▸ Exercise prompt
Retype, without any change, the first line of the records and every line after it through the one containing "Scrabble: A 3D".

╭─ Study material

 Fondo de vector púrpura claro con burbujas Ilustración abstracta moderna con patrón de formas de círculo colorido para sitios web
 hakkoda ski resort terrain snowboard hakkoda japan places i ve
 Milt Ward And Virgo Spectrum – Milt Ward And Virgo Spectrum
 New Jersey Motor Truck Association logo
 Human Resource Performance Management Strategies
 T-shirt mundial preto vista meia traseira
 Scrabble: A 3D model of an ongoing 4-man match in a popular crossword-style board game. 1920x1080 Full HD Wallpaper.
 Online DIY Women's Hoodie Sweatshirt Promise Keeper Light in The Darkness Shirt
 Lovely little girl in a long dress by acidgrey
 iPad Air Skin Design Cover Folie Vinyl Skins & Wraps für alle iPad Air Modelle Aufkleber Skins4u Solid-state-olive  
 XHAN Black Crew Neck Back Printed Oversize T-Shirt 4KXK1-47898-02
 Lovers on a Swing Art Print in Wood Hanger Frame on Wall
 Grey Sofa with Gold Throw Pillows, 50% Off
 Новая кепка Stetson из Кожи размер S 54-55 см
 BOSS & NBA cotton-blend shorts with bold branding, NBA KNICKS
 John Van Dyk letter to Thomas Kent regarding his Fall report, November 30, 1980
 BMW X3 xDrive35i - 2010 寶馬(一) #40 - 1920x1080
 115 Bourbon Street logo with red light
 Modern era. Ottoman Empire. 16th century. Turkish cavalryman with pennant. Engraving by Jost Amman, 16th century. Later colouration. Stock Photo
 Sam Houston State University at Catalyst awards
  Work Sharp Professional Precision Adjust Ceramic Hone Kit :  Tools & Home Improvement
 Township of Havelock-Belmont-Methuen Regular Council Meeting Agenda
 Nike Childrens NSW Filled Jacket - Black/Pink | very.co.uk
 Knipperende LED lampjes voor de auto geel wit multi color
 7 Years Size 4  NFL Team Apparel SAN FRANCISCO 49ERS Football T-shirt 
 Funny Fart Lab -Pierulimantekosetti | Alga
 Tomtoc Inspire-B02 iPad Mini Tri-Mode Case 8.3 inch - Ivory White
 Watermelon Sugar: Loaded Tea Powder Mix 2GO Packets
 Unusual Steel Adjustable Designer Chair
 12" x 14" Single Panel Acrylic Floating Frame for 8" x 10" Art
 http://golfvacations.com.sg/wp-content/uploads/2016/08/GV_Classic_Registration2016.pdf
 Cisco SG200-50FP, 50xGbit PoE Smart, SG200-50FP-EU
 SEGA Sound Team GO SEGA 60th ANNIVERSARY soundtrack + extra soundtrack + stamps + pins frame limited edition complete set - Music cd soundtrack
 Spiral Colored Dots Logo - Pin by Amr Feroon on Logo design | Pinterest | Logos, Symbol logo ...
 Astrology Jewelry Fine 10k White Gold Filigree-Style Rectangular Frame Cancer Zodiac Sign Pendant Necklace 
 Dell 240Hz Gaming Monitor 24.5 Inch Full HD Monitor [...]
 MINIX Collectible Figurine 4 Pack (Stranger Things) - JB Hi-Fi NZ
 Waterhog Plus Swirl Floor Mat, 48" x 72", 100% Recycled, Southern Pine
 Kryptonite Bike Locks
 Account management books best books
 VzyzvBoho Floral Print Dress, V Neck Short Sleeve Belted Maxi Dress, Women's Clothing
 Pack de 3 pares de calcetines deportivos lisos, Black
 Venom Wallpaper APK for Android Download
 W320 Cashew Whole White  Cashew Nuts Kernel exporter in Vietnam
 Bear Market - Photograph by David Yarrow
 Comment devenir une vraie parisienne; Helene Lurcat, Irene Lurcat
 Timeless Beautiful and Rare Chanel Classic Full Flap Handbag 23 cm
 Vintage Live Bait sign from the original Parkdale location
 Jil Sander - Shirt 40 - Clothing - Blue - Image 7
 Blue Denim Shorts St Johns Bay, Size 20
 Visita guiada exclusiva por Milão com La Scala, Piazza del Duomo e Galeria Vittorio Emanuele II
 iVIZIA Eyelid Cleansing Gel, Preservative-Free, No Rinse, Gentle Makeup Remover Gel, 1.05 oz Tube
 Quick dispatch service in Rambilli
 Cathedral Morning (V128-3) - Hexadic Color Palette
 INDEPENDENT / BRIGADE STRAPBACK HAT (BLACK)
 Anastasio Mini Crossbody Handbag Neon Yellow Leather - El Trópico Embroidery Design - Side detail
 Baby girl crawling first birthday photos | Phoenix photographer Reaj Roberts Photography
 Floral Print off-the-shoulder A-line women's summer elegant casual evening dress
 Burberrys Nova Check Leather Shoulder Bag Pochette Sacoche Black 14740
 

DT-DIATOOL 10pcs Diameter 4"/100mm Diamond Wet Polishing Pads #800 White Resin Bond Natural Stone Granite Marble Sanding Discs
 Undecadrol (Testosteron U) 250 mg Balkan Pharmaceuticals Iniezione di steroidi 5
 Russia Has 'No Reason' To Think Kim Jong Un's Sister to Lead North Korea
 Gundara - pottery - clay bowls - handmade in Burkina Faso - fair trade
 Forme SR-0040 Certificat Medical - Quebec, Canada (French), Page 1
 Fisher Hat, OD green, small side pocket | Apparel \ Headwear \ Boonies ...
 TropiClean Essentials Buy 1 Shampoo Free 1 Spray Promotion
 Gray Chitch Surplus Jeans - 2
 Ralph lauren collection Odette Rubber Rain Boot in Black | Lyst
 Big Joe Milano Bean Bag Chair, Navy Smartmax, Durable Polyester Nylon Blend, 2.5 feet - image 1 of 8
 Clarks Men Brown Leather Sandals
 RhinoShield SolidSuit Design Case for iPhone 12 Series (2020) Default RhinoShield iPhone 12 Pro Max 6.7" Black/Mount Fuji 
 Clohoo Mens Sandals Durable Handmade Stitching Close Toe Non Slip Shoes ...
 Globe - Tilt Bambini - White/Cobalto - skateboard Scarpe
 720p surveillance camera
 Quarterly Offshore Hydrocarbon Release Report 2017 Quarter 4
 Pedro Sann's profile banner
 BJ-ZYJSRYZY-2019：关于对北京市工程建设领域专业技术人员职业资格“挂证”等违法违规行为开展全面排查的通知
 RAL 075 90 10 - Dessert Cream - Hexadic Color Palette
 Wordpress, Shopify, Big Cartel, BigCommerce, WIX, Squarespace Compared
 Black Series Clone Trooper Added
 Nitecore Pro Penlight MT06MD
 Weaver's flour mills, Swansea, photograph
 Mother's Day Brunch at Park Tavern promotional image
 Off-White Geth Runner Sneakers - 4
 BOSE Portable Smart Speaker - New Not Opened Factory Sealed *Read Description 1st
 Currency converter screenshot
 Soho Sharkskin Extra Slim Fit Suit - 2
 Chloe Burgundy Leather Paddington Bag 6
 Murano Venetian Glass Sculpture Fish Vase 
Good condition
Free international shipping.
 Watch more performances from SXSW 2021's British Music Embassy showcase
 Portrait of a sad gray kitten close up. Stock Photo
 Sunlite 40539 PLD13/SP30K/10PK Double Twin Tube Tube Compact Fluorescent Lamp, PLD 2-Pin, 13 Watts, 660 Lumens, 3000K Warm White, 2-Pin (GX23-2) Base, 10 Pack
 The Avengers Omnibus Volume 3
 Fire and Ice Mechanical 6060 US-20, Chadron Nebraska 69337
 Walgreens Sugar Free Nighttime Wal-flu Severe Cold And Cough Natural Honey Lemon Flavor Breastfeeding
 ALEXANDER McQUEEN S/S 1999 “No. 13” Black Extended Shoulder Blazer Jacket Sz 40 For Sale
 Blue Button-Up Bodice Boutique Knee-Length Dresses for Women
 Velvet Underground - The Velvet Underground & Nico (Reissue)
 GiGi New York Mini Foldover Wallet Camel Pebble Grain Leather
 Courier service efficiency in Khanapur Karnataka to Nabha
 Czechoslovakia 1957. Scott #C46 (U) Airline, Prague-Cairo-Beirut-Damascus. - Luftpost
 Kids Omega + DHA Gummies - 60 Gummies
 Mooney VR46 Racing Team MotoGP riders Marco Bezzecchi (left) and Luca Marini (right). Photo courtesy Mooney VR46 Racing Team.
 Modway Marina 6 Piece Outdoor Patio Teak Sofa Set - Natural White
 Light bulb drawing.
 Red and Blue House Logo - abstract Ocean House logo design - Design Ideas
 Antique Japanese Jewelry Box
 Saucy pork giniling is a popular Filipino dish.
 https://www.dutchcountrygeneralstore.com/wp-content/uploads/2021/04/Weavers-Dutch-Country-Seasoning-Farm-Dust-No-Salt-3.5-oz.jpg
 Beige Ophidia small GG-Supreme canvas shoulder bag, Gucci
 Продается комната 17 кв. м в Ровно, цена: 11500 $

╰─

▸ Result of this task
 Fondo de vector púrpura claro con burbujas Ilustración abstracta moderna con patrón de formas de círculo colorido para sitios web
 hakkoda ski resort terrain snowboard hakkoda japan places i ve
 Milt Ward And Virgo Spectrum – Milt Ward And Virgo Spectrum
 New Jersey Motor Truck Association logo
 Human Resource Performance Management Strategies
 T-shirt mundial preto vista meia traseira
 Scrabble: A 3D model of an ongoing 4-man match in a popular crossword-style board game. 1920x1080 Full HD Wallpaper.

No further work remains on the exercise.